To show customers that the difference in gas cost when upgrading isn't as great as they may think, the company is introducing a chart at rental counters with vehicle fuel cost comparisons based on 100-mile trips. For example, an upgrade to the sexier Ford Mustang from the Toyota Camry LE will add $4.39 to your gas bill on a 100-mile trip, according to the chart. Moving up from the Toyota Prius to the Chrysler 300 will cost $12.16 extra in gas.

"From an economic benefit standpoint, consumers have to ask, does the value proposition really hold," when choosing between a hybrid and another rental car, said Abrams. "If you're going to be renting a car for two weeks and traveling thousands of miles, it may be a benefit. It's not unlike the decision a consumer has to make when he buys a car," he said. "How long do you have to hold the car to get the full cost benefit?"

Recognizing the premium customers typically pay to rent a hybrid, San Francisco International Airport is introducing a rebate program to encourage travelers to go green. Starting Dec. 30, customers renting a hybrid will get a $15 credit on their rental bill. In the meantime, if your heart is set on a hybrid, consider renting at off-airport locations, which typically offer lower rental rates. If you only need a car for, say, a day trip to George Washington's Mount Vernon, just outside Washington, a car-sharing service is another alternative.
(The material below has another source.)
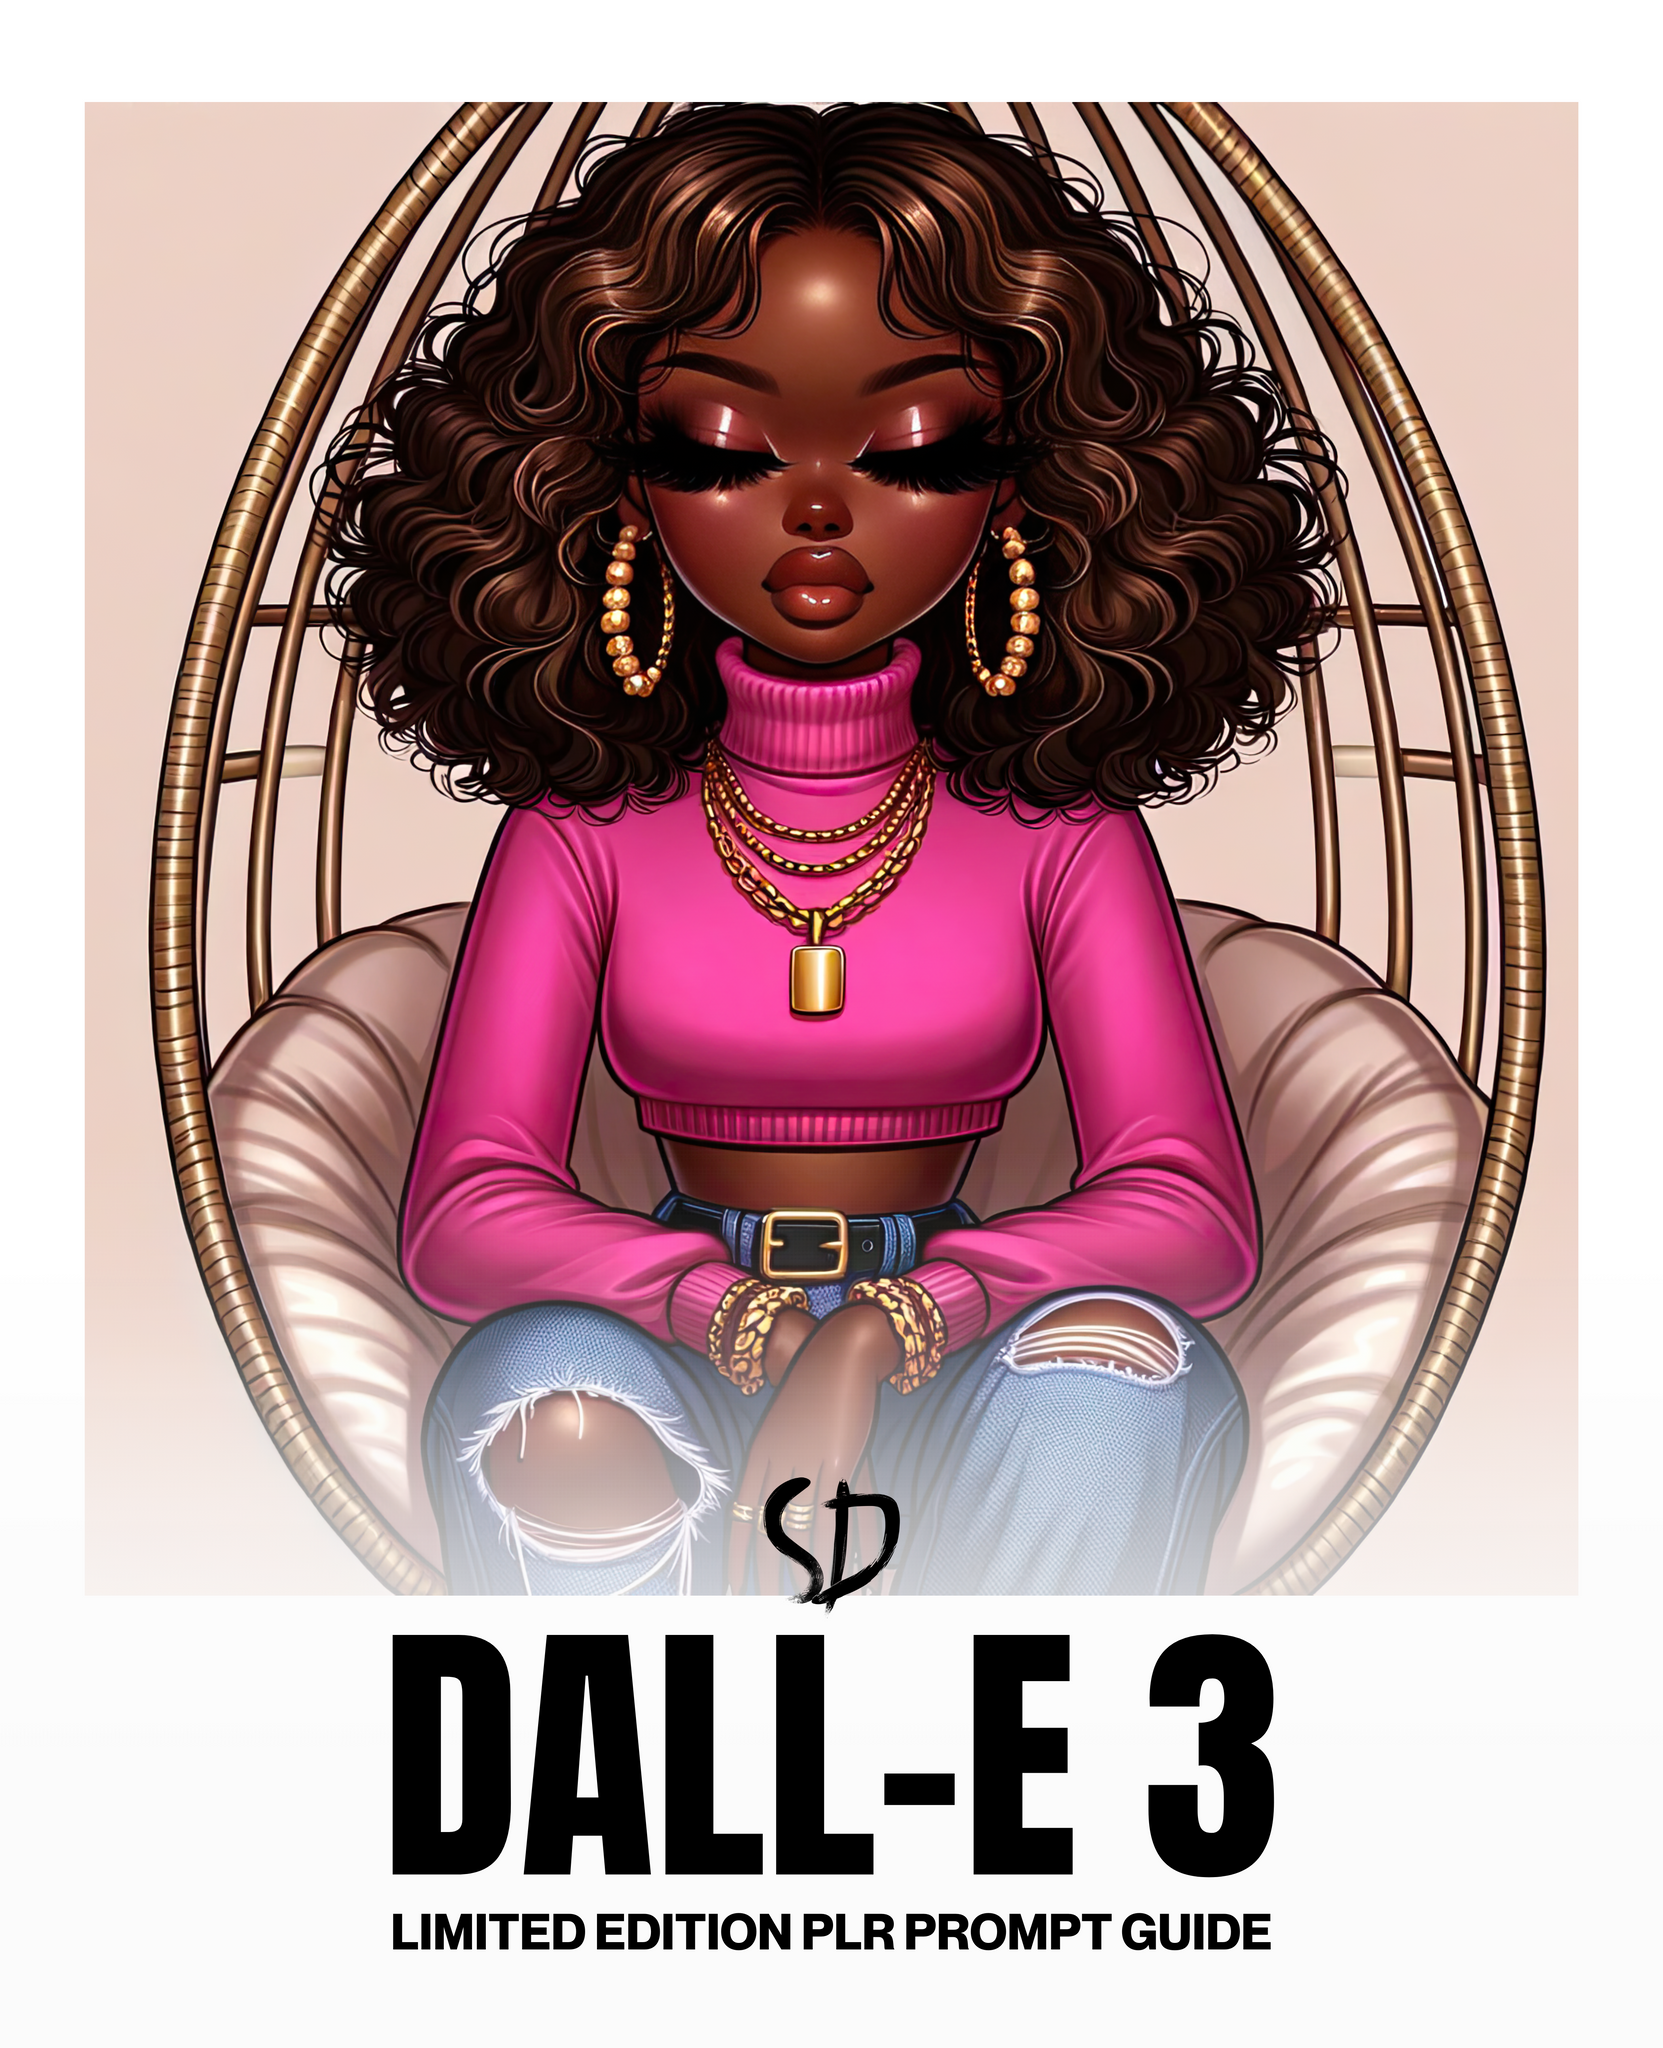 Peacefulness | Limited Edition Dall-E 3 Prompt Guide

Zipcar, the largest service, with vehicles in more than 50 cities throughout North America, has lowered the hourly rates of some of its hybrids, charging between $6 and $10 an hour or from $60 a day to encourage customers to book the green cars, which in turn lowers gas prices for the company. All reservations include up to 180 miles of driving, the cost of insurance, maintenance, parking, and even gas. There is an initial membership and incremental mileage charges if you drive more than 180 miles.

A first-time user planning to try the service occasionally pays a $50 annual charge and $25 application fee. In a recent spot check, Honda Civic hybrids were available for a two-day trip in Washington. Total cost: $152.90.